Teknolojik-tıbbi üreme endüstrisi ve öjeni, insanı cinsellikle ilgili gerçekliğinden kopartıyor, türü yeniden üretiyor. Zenginler, bu ajandaya öncülük ediyorlar,
“marjinal gruplar”ı dert edindiklerini söylüyorlar. Gerçekliğe yeni bir düzen getiriyorlar.
Toplumsal
cinsiyet endüstrisi, bu işin bir yüzünü, medya diğer yüzünü hallediyor. Medya,
bedeninden rahatsız olan, bu yüzden bacaklarının kesilmesini isteyen insanlara
odaklanıyor. Cinsiyeti bu rahatsızlıkla ilişkilendiriyor, böylece cinsellikle ilgili gerçeklikten kopmayı normalleştiriyor. İnsan, iki ayrı cinsiyete sahip bir tür. Bizi biyosfere ve
birbirimize cinsiyetimiz bağlıyor.
Bu
Propaganda Mekanizmasının Arkasında Kimler Var?
Lia
Thomas’ı öve öve bitiremeyen Sports Illustrated dergisinin sahibi,
Authentic Brands. Bu şirket, 2019’da BlackRock’tan yatırım amacıyla 875 milyon dolar
almış. Dergi, bugün kapağına kadın pozu vermiş dört erkeği taşıyor. Karşımızda, esasen tüm gösterişli hâliyle, yüksek teknolojinin yüce amaçlarına hizmet eden, devlet eliyle yürütülen bir propaganda faaliyeti duruyor.
Peki bu
faaliyeti yürütenler, tam olarak ne satıyorlar? On trilyon doları bulan sermayesiyle
dünyanın en büyük varlık yöneticisi olan BlackRock şirketinin insanların cinsel organları ile ilgili rahatsızlığını kendisine dert
edinmesi için ameliyatların, ilâçların, ameliyat cihazlarının, araştırmaların ve psikiyatri sektörünün ilâç ve teknoloji şirketlerine sağladığı kâr yeterince cazip mi?
Sports
Illustrated dergisi (dolayısıyla
BlackRock), halkı erkeklerin kadın olabileceğine neden ikna etmeye
çalışıyor? Geçen yıl Lenya Bloom, Megan Thee Stallion ve Naomi Osaka ile
yaptıkları gibi, neden erkeklerin
yanında beyaz olmayan kadınlara yer veriyor?
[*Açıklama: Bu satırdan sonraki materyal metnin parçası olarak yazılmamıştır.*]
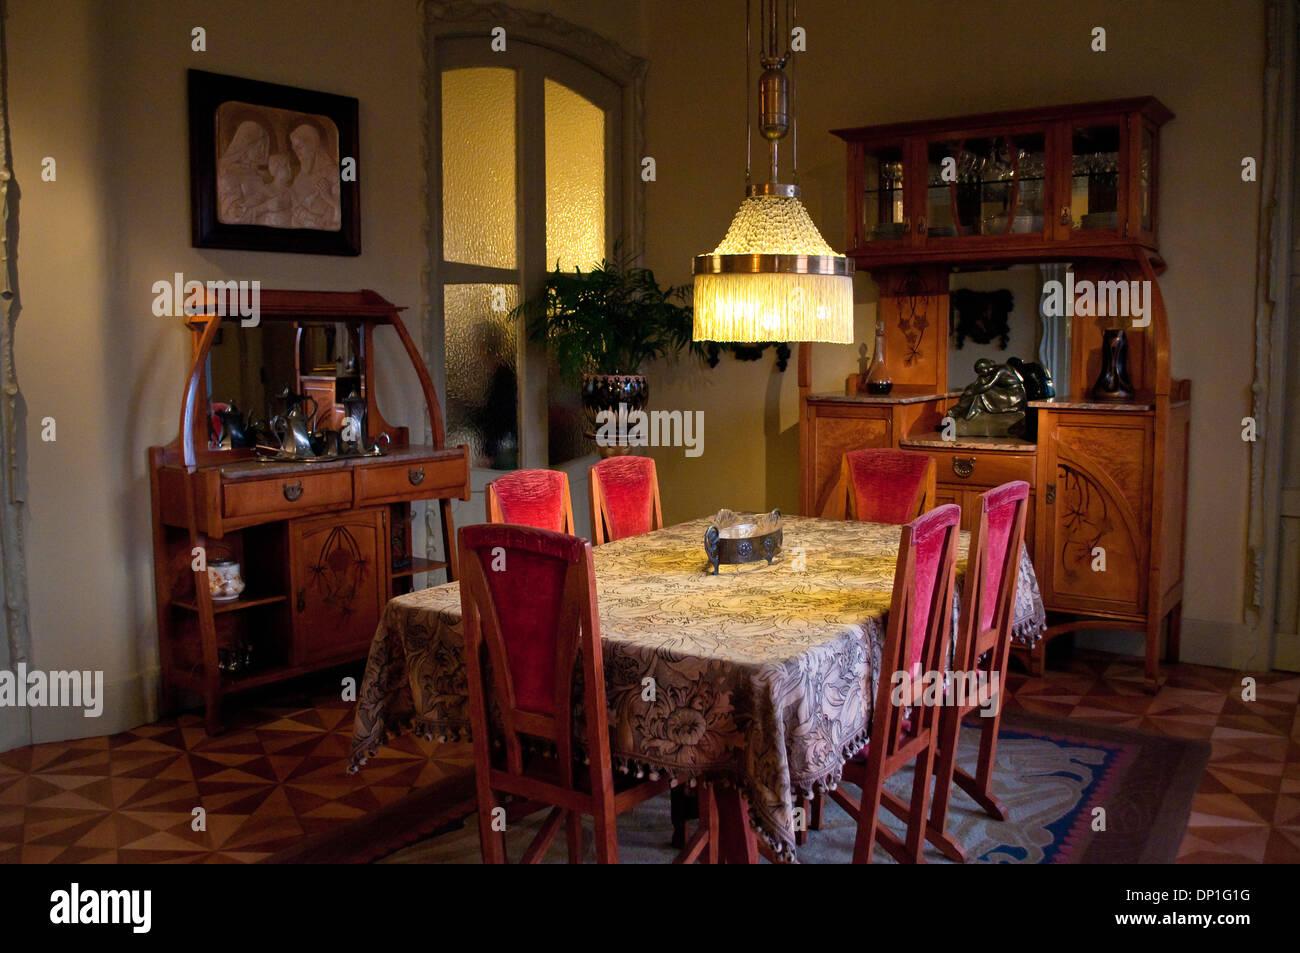 Dining Room Interior Casa Mila Stock Photos & Dining Room Interior ...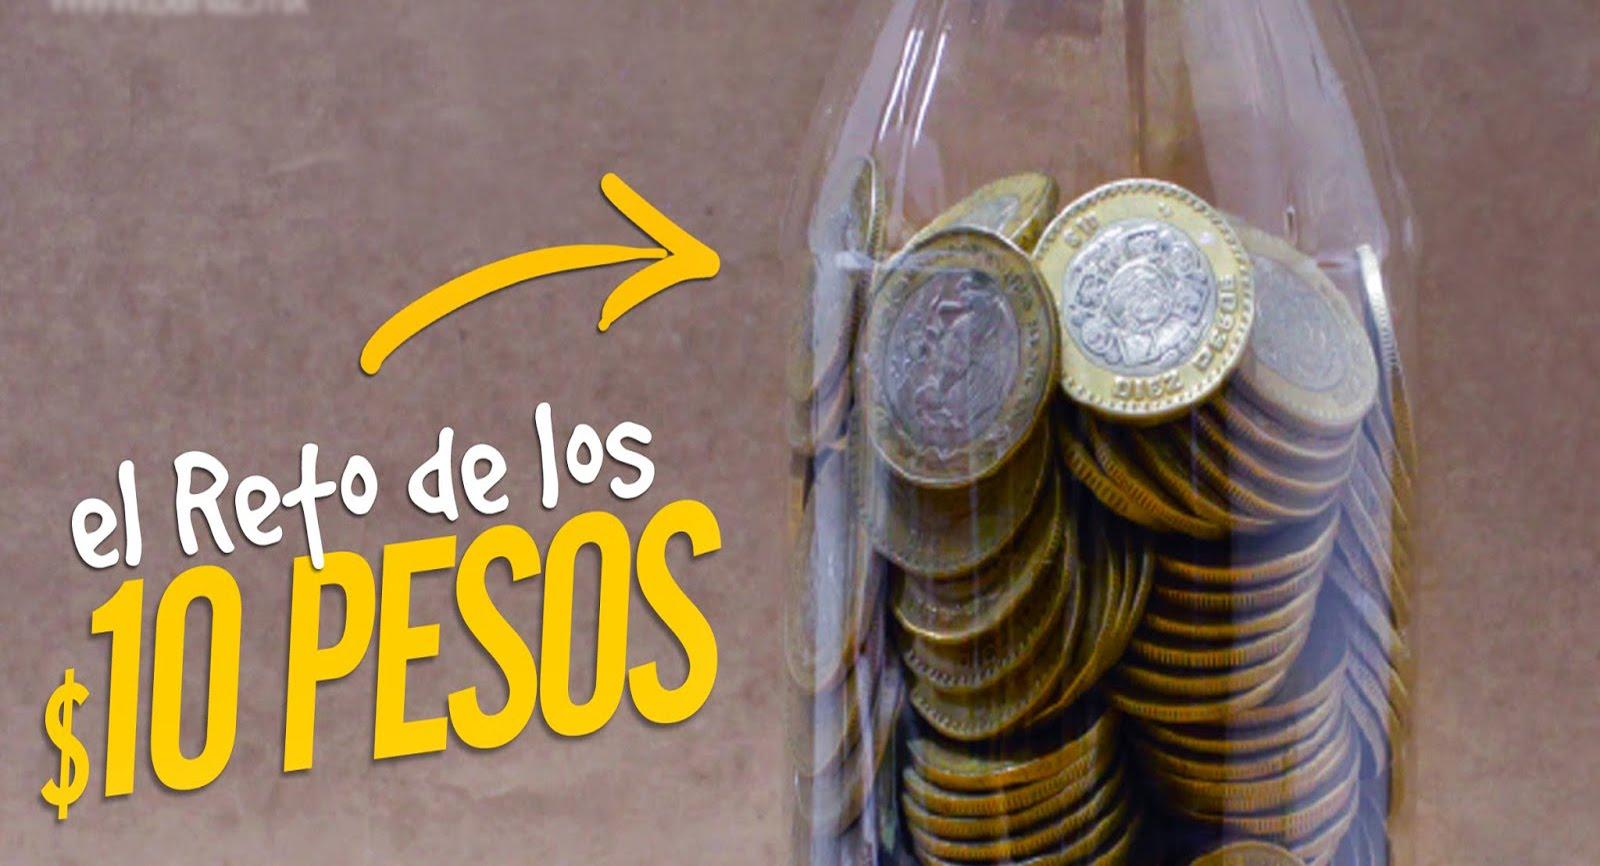 reto de los 10 pesos

Tüm hükümetler, uluslararası şirketler, yatırım şirketleri, milyarderler neden aynı hikâyeyi anlatıp duruyorlar? Neden medyada tek bir kimse bile çıkıp bu soruları sormuyor, hatta bu sektörü eleştirdiğini söyleyen sağcıların ağzından bu konuyla
ilgili neden tek bir laf çıkmıyor?
Medya ve
Teknoloji-Tıp Kompleksi
Anlatılan
hikâyenin bize nasıl yutturulduğunu anlamak için Amerikan medyası ile teknoloji-tıp kompleksi arasındaki bağlara bakmak,
toplumsal cinsiyet masalını anlatan oligarkları incelemek gerekiyor. Medya eliyle elitler, belirli
meselelere dokunulmamasını sağlıyorlar. Bu anlamda
medya, aslında sağcılar gibi davranıyor: sektörü eleştirmeyi kimseye bırakmayan sağcılar, meselenin kökenine, “trans” kişiler denilen yalanın kaynağına hiç dokunmuyorlar.
Arcus
Vakfı, toplumsal cinsiyet endüstrisini besleyen en büyük LGBT STK’sı. Amerikan
Psikoloji Vakfı’na yüz binlerce dolar bağışlamış. Vakfın arkasında Stryker Medical var. Toplumsal cinsiyet masalını medya yoluyla
anlatan vakıf, bedensel uzuvların alınması pratiklerini de
destekliyor. Ayrıca Ulusal Kamu Radyosu ve GLAAD gibi toplumsal
cinsiyet endüstrisi adına propaganda faaliyeti yürüten çalışmalara da para veriyor.
Tıp-sanayi
kompleksini büyük yatırımlar yapan ve bir ferdinin kendisini trans olarak
nitelediği, Amerikalı milyarder Pritzker
ailesi, insanın iki ayrı cinsiyetten meydana
gelmiş bir tür olmadığı yalanını yaymak için ABD’de, Kanada’da ve İsrail’de bir dizi kurum
meydana getirdi. Aile, en son ruh sağlığı alanına bağışta bulundu. Şikago valisi
Pritzker, kendi eyaletinde bulunan ruh sağlığı çalışmalarına 140 milyon dolar
tahsis etti. Öte yandan, John ve Lisa Pritzker, Kaliforniya Üniversitesi San Fransisko Kampüsü’ne yeni bir
psikiyatri merkezi kurması için 60 milyon dolar bağışladı.
Üniversite,
tıp-sanayi kompleksi yanında, toplumsal cinsiyet sahasına da milyarlarca dolar
akıtıyor. Üniversitedeki tıp merkezinde trans bakım merkezi bulunuyor. Merkezin
ortaklarından biri, Comcast denilen, medya sahasında faal olan holding.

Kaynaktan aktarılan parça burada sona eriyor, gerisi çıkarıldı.